▸ **Dataset section**
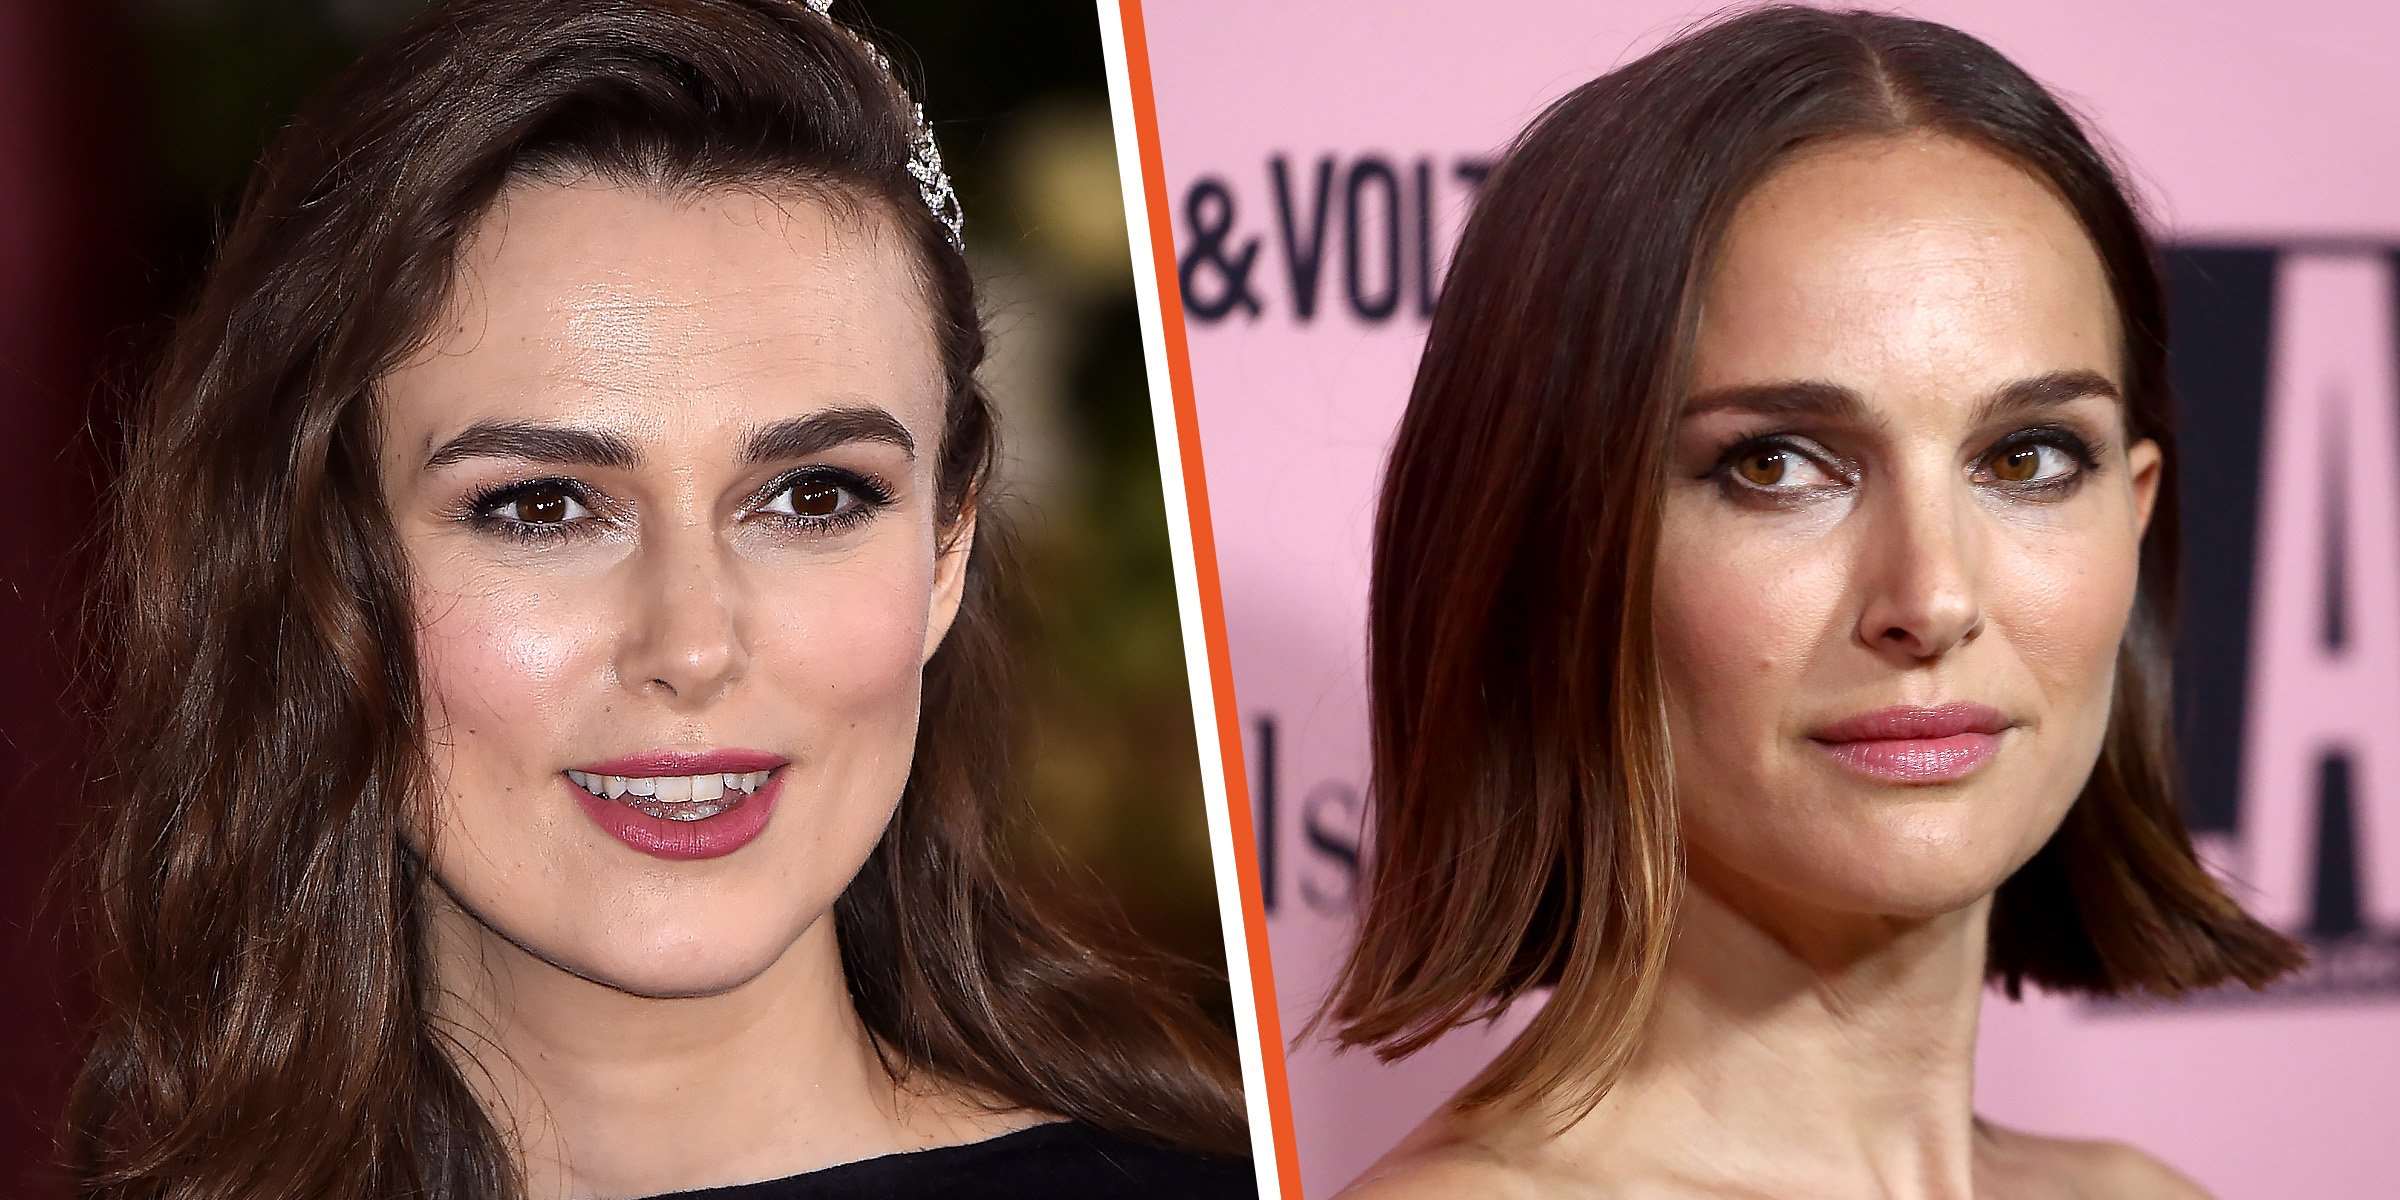 Surprising Connection: Natalie Portman And Keira Knightley's Unexpected Relationship Revealed!
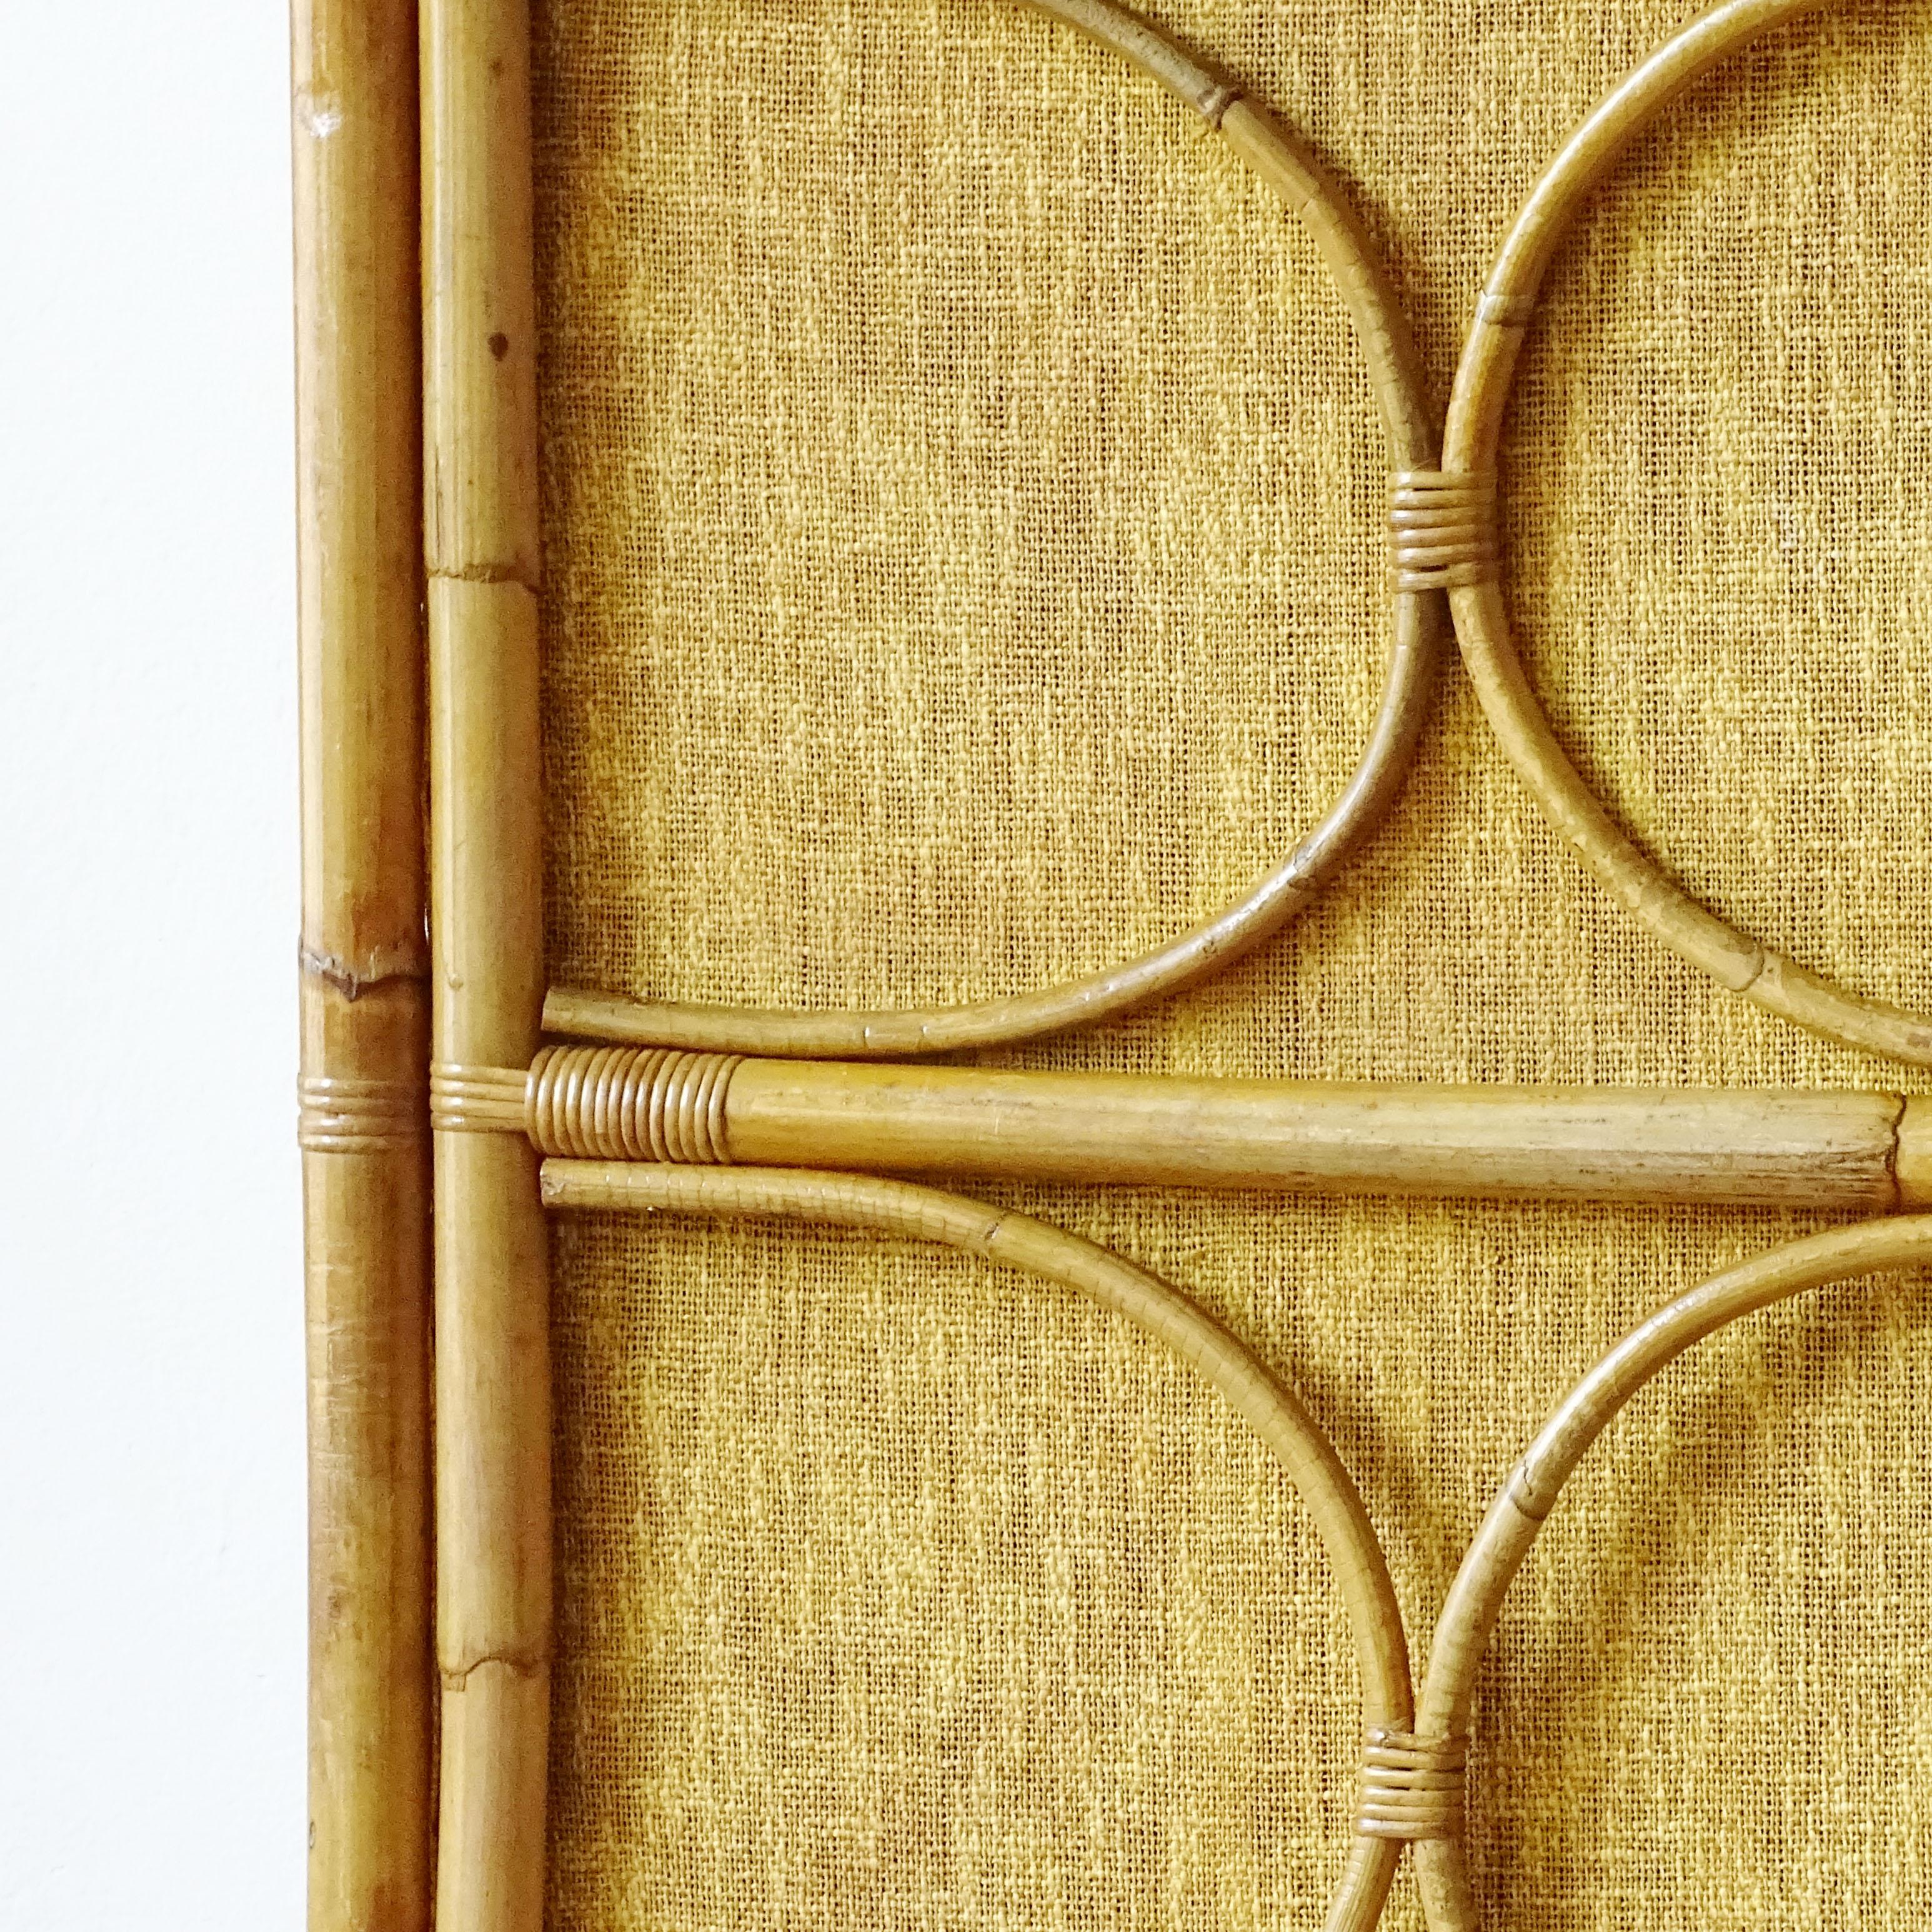 Splendid Italian 1950s bamboo and wicker wardrobe with its original mustard fabric.
An authentic Dolce Vita item to own.

▸ **Activity**
Everything in the data except the pictures needs to be written out exactly.

▸ **Solution to the problem**
 Surprising Connection: Natalie Portman And Keira Knightley's Unexpected Relationship Revealed!
 Splendid Italian 1950s bamboo and wicker wardrobe with its original mustard fabric.
An authentic Dolce Vita item to own.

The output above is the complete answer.